#### [TRY IT]
All of the data that follows is to be written out exactly, with images excluded.

━━━ SUPPLIED DATA ━━━

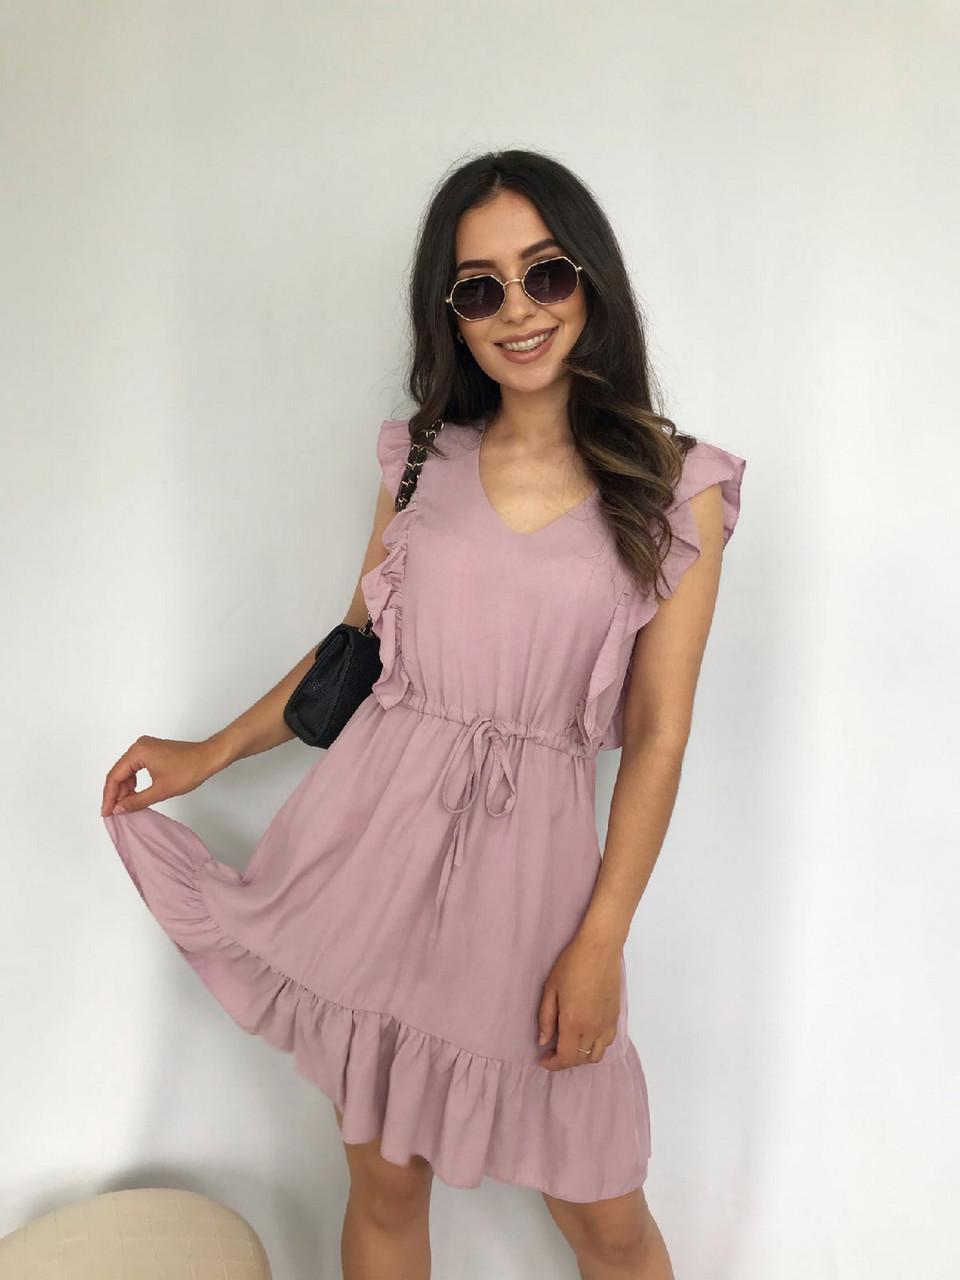 Короткое штапельное платье с рюшами, 00930 (Пудра), Размер 46 (L)
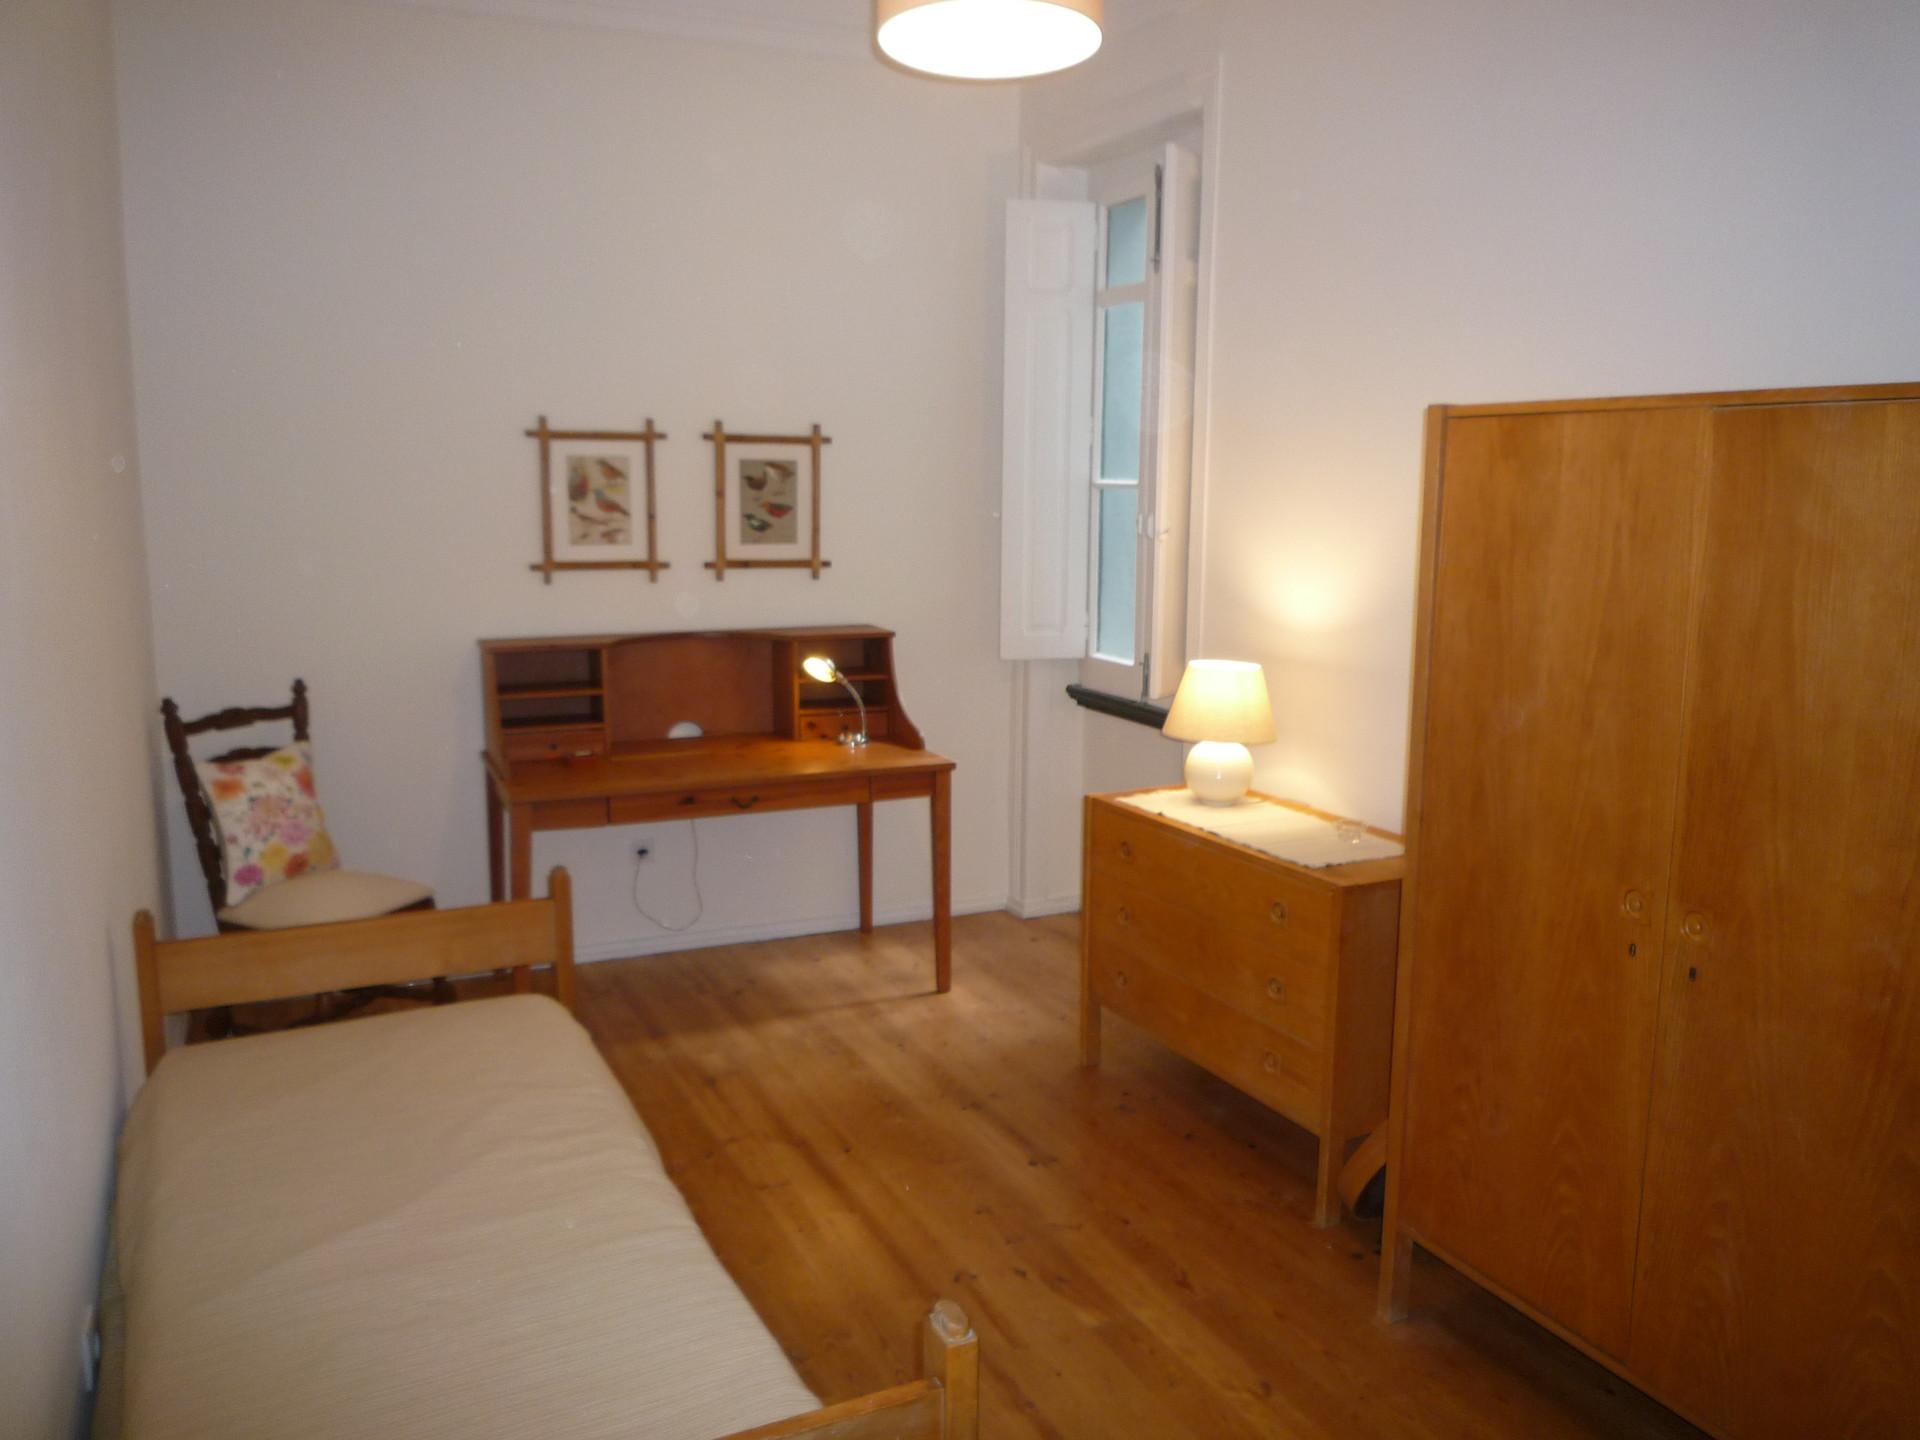 rooms-lisbon-near-metro-arroios-alameda-19ebea69cdecc19d53a79499648dab60
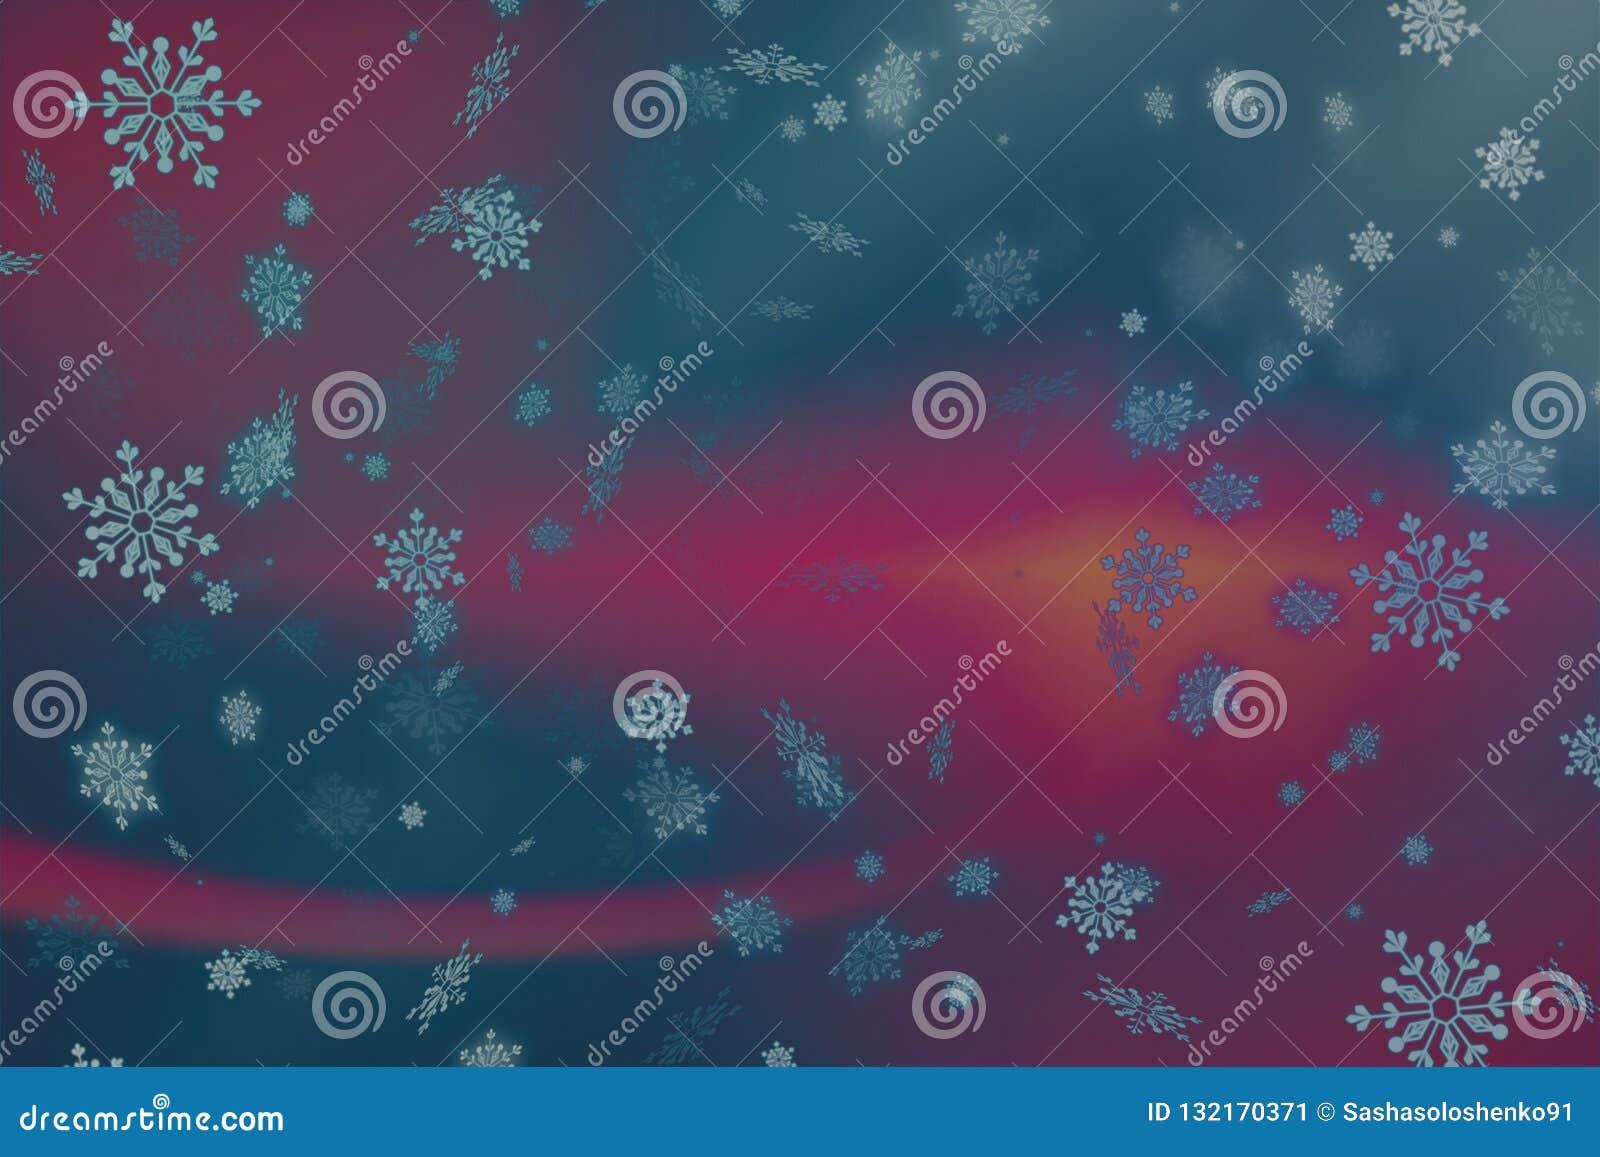 Abstrakt rosa och purpurfärgad julbakgrund med snö och snöflingor

━━━

#### [REPLY TO THE TASK]
 Короткое штапельное платье с рюшами, 00930 (Пудра), Размер 46 (L)
 rooms-lisbon-near-metro-arroios-alameda-19ebea69cdecc19d53a79499648dab60
 Abstrakt rosa och purpurfärgad julbakgrund med snö och snöflingor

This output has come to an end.